#### Information shown
▼

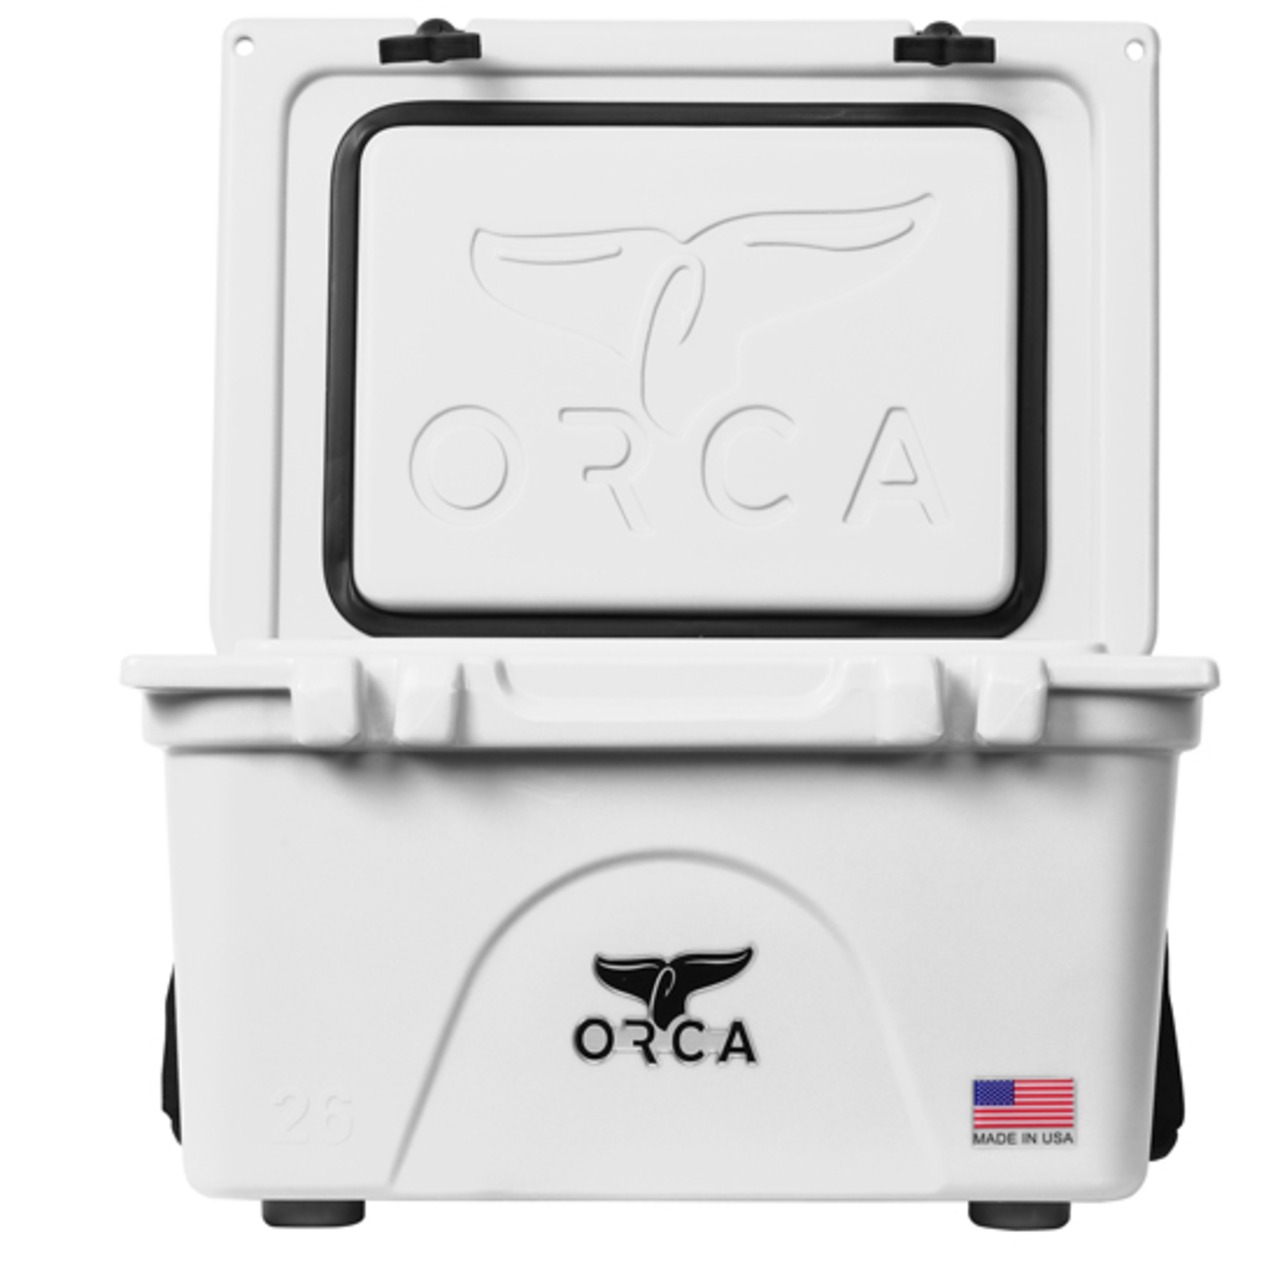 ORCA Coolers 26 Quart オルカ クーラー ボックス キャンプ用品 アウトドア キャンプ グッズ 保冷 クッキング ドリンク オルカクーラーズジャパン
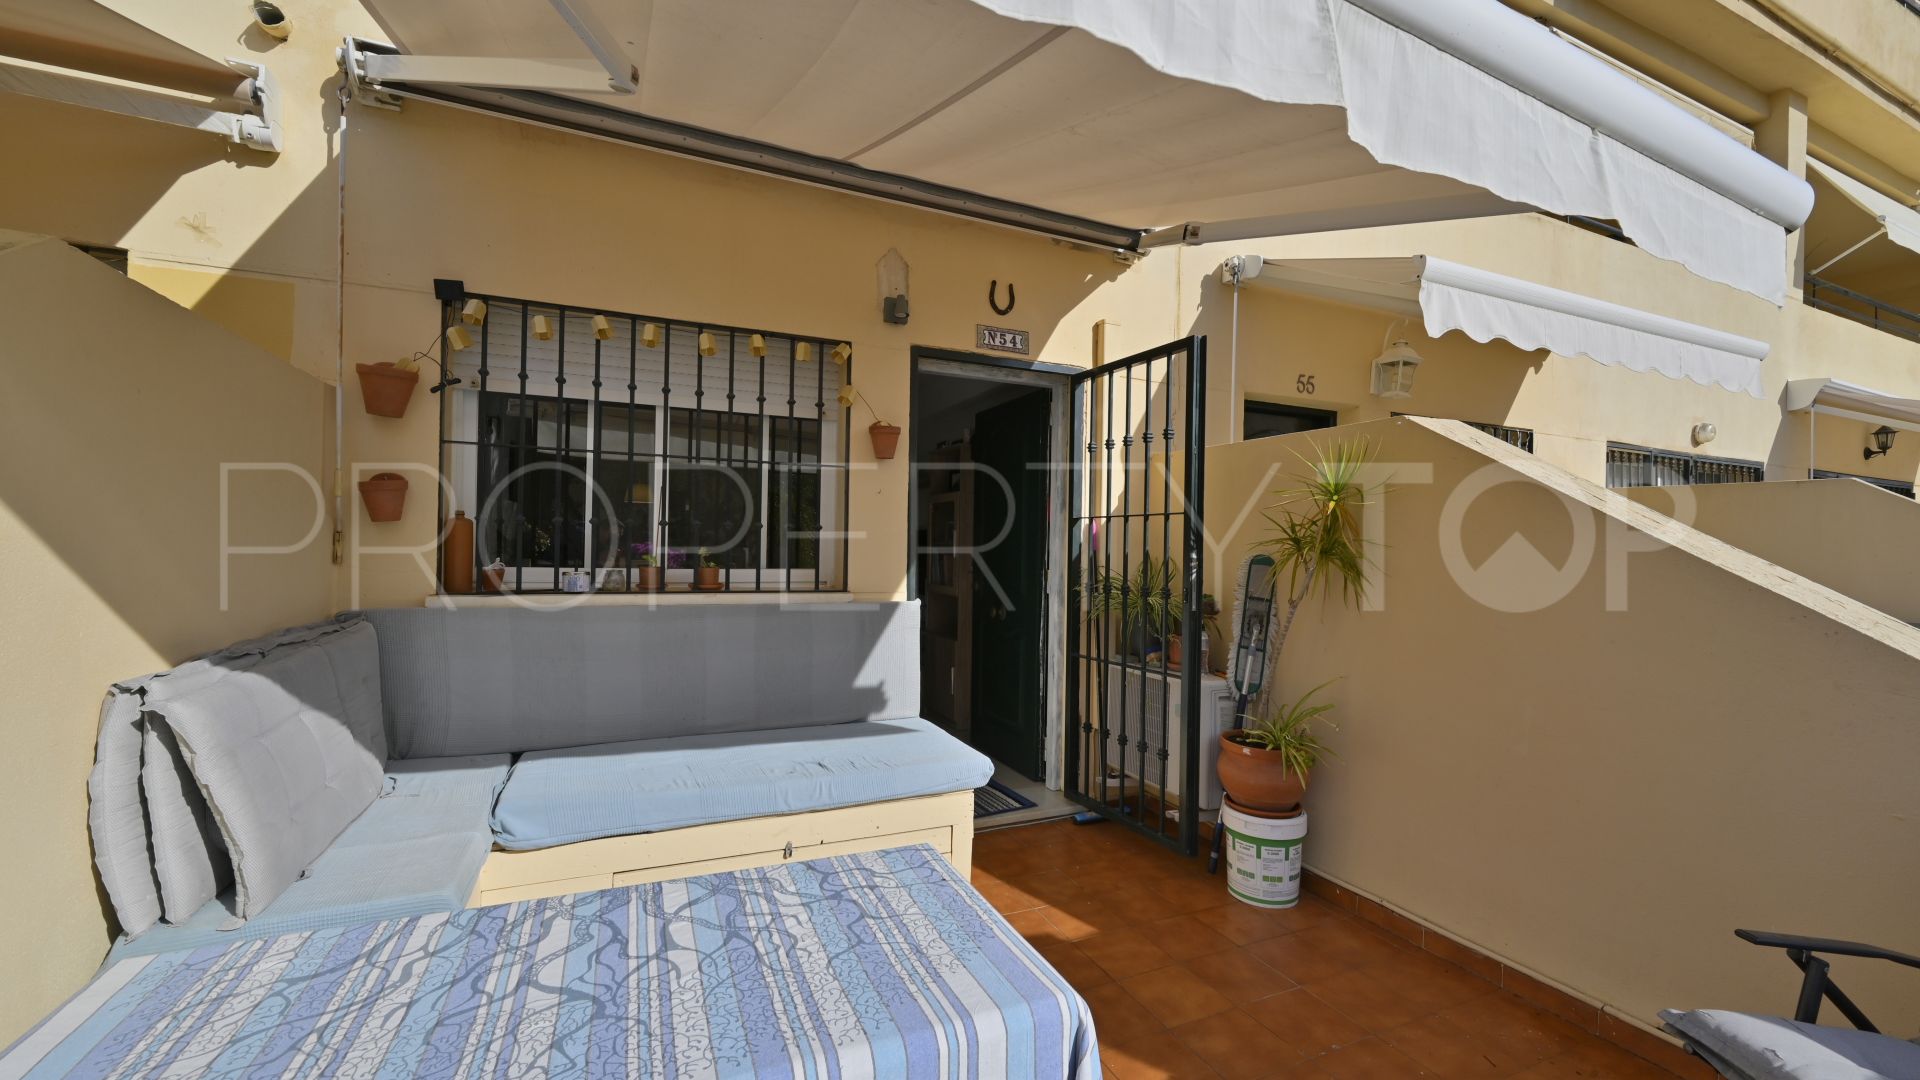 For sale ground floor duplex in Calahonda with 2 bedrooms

▲
▼

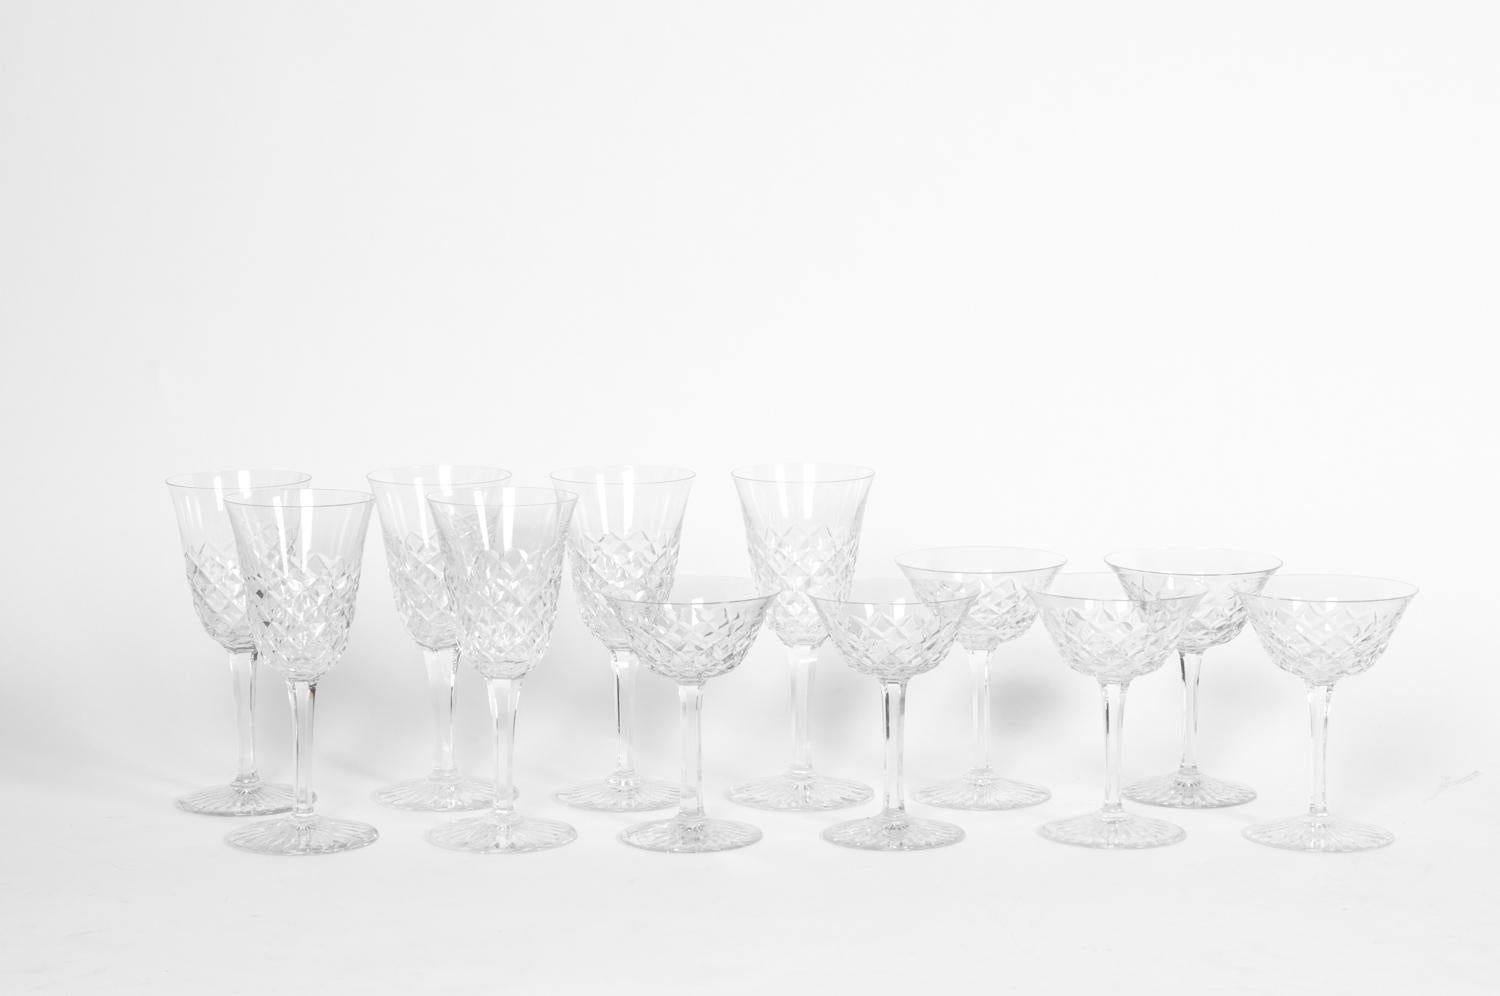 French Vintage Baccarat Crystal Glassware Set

▲

#### Your objective
Although pictures appear among the entries, please set down only the lines from the one with "ORCA Coolers 26" up to and including the one with "For sale ground", word for word.

#### Solution to the problem
 ORCA Coolers 26 Quart オルカ クーラー ボックス キャンプ用品 アウトドア キャンプ グッズ 保冷 クッキング ドリンク オルカクーラーズジャパン
 For sale ground floor duplex in Calahonda with 2 bedrooms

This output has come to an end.